New Orleans, LA 70119
Wildseeds: The New Orleans Octavia Butler Emergent Strategy Collective is a black feminist group that believes in the power of creative writing and art to help bring about social change. As part of a weeklong residency and book launch, celebrated writer and “queer black troublemaker” Dr. Alexis Pauline Gumbs will facilitate a workshop on claiming love as a source of empowerment. The event is in honor of the late Caribbean-American poet June Jordan, and will feature poetry, movement, sharing, and love. Registration is on a sliding scale of $15 to $25. More information about this workshop and the other events being held during this weeklong residency is available here.
These spaces are by and for black women. If you do not identify as a black woman, please check with the organizers in advance to see if it would be appropriate for you to attend.
Wednesday, August 10
Chicago, Illinois: Build strategies for justice at the Workshop on Black Organizing for Economic Justice and Police Accountability.
5:00 p.m. – 8:30 p.m.
728 W. Maxwell St.
Chicago, IL 60607
BYP 100 national director Charlene Carruthers is facilitating a workshop about the inner workings of the movement for justice. She will explore various types of black organizing in Chicago and across the country with a focus on economic justice and police accountability. The workshop is open to anyone in the Chicago area working within social justice movements. Registration is free but required to ensure materials are available for everyone who attends. This is a great opportunity to gain insight and powerful tools from a leader on the forefront of organizing for black lives.
Saturday, August 27
Decatur, Georgia: Come together with young collegiate leaders because It’s Time: A Social Justice and Healing Retreat.
8:45 a.m. – 4:30 p.m.
141 E. College Ave.
Decatur, GA 30030
Agnes Scott College is hosting a collegiate retreat to engage students in the Atlanta metro area on issues like police brutality, privilege, and activism.
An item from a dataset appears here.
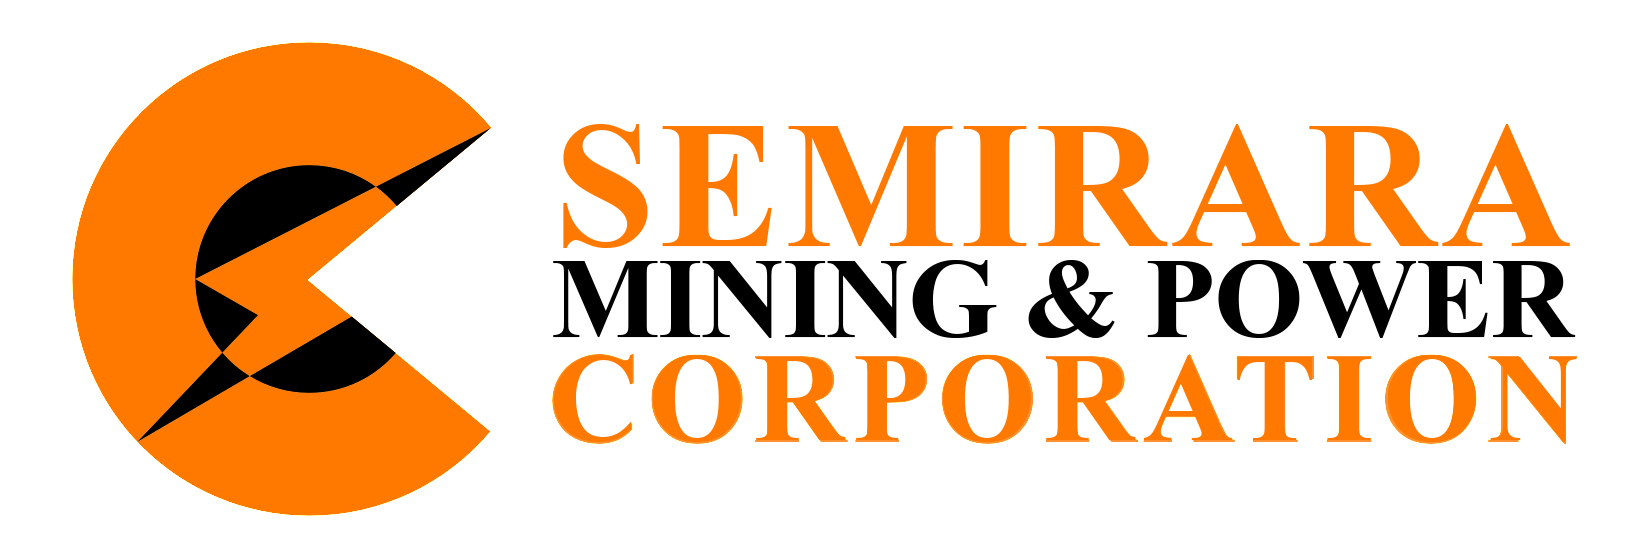 Semirara Mining Power Corp

The keynote speaker will be activist and writer Shaun King, known for his support and advocacy for the Black Lives Matter movement. Registration is free for Agnes Scott College students and $10 for those from other colleges and universities. There is a group rate of $80 for student groups of 10 or more (so round up at least nine friends and save yourselves a little money!). Make plans to attend this retreat at the end of August and get yourself informed and organized!
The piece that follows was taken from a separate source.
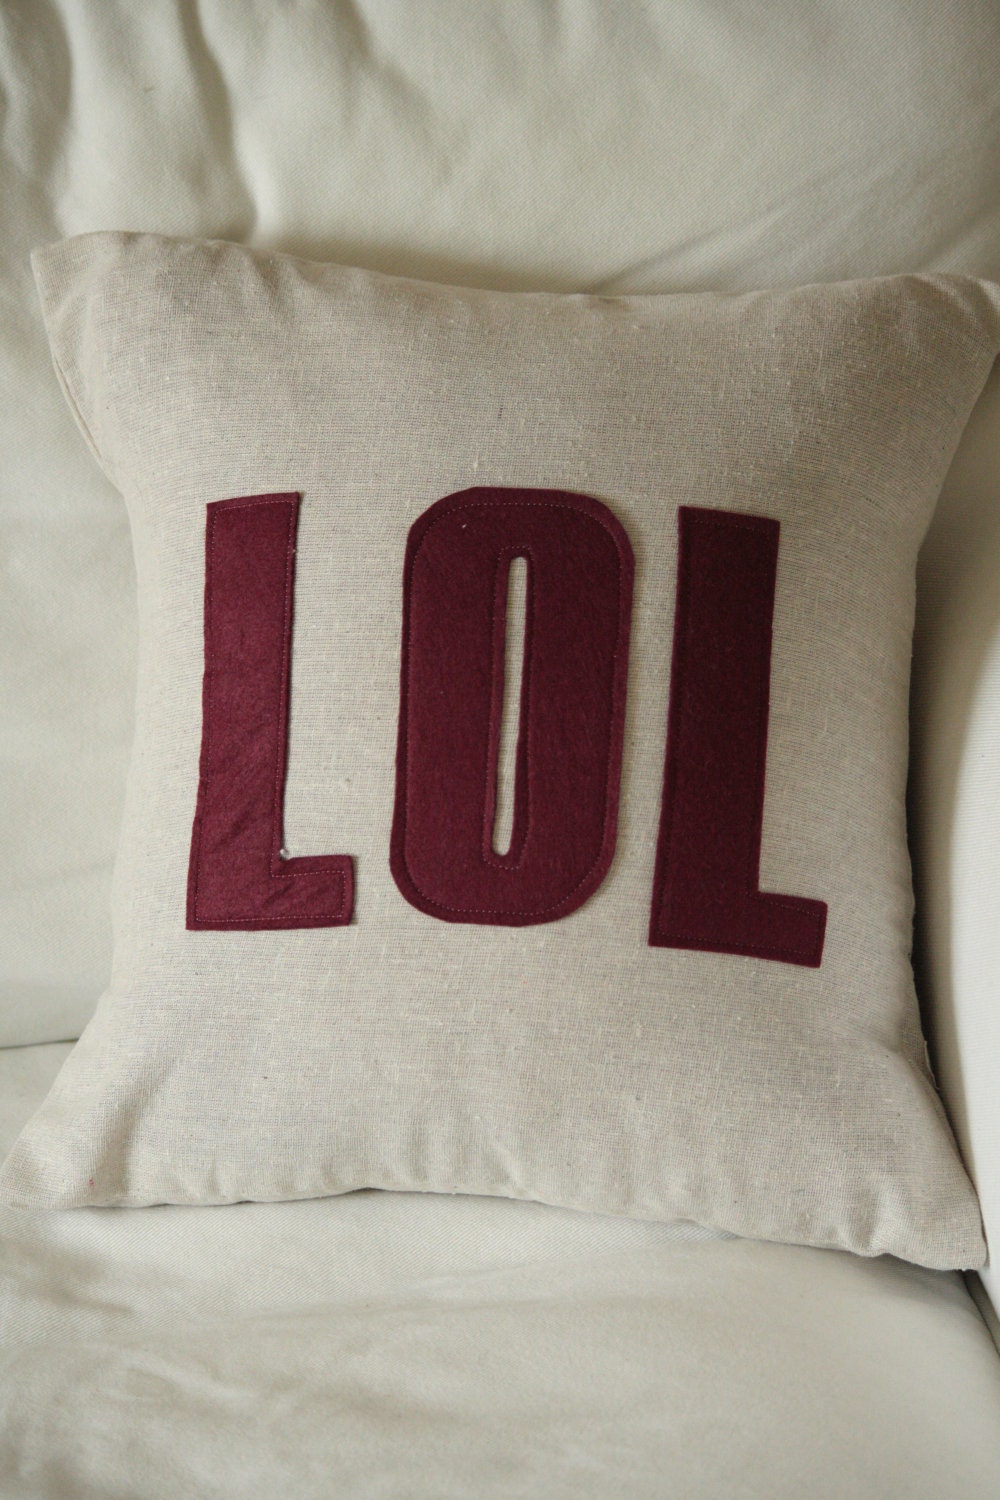 Lol Pillow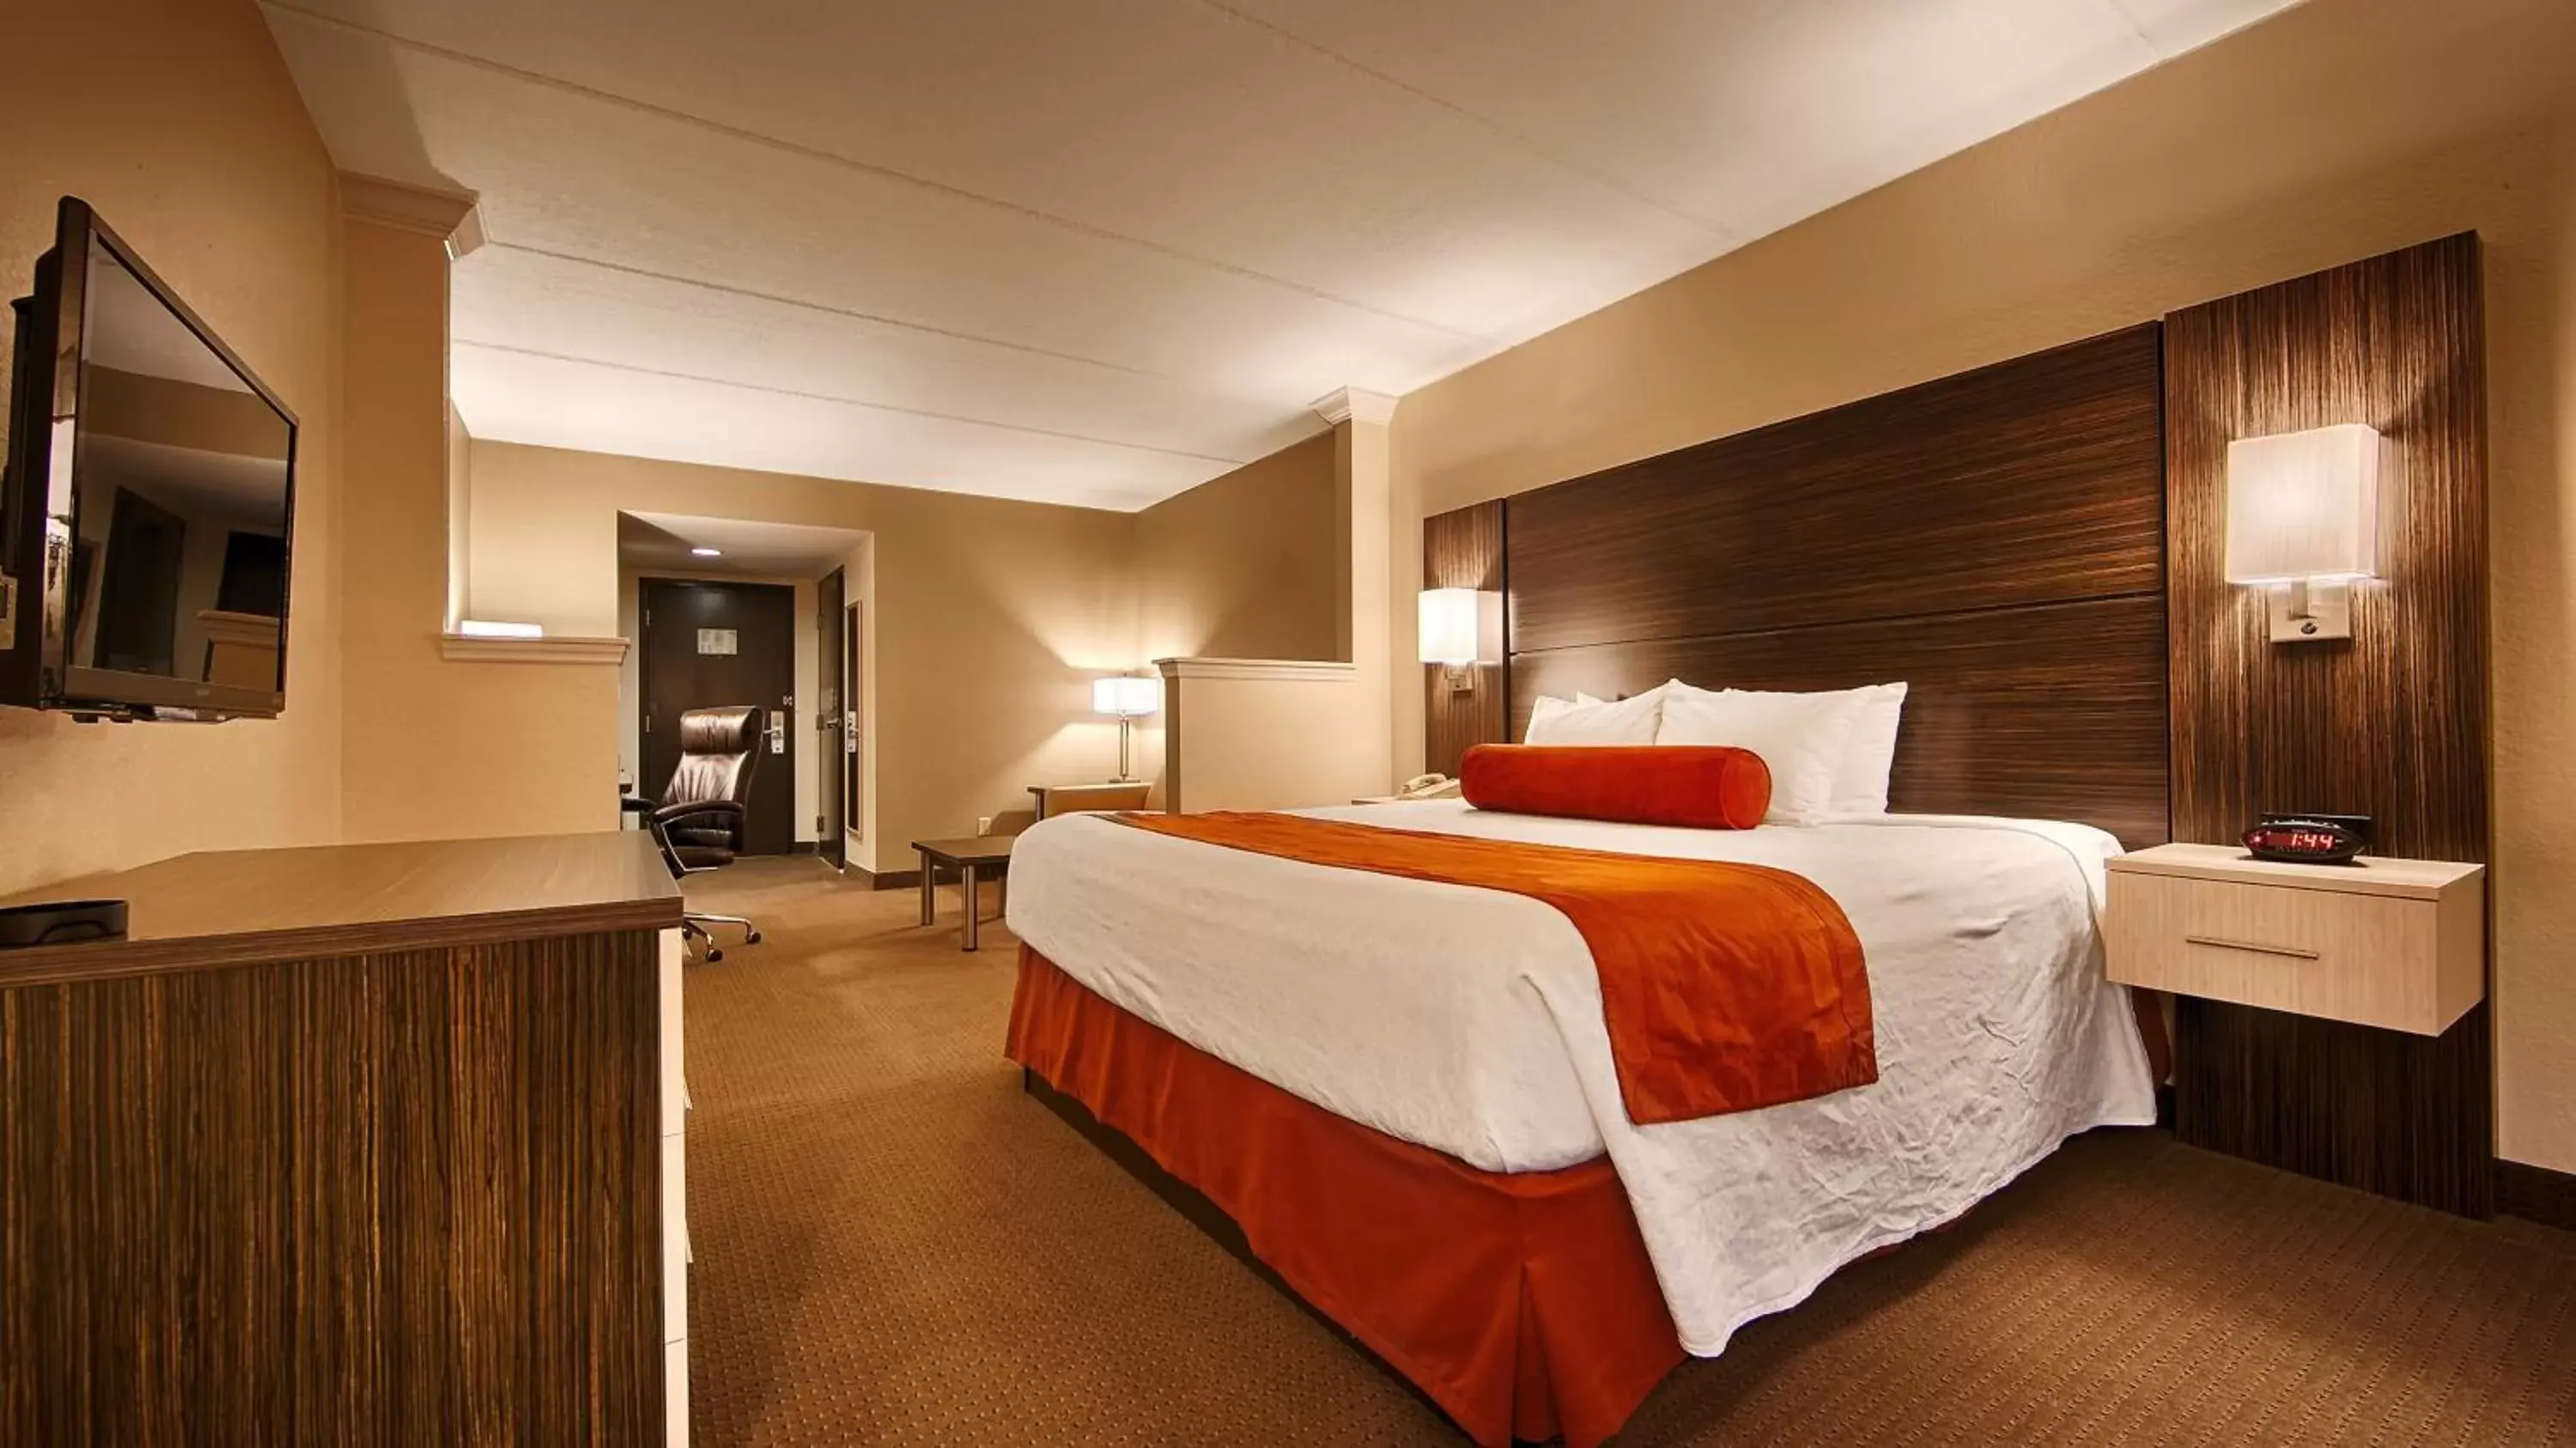 Bedroom, Bed in Best Western Airport Inn & Suites

As every day seems to bring news of another black person, woman, and/or queer person lost to violence, it can be easy to lose hope or feel helpless. The truth in this is not that things are getting worse; we’re just seeing these cruel injustices finally being brought out into the clear light of day. Horrifying as it may be, we can fight what we can see. With every name we lift up, with every candle we light, and with every step we take in the march toward justice, we force the world to see and confront the wrongs within our society. And whether that means bringing out the sun or calling down a storm, we need you!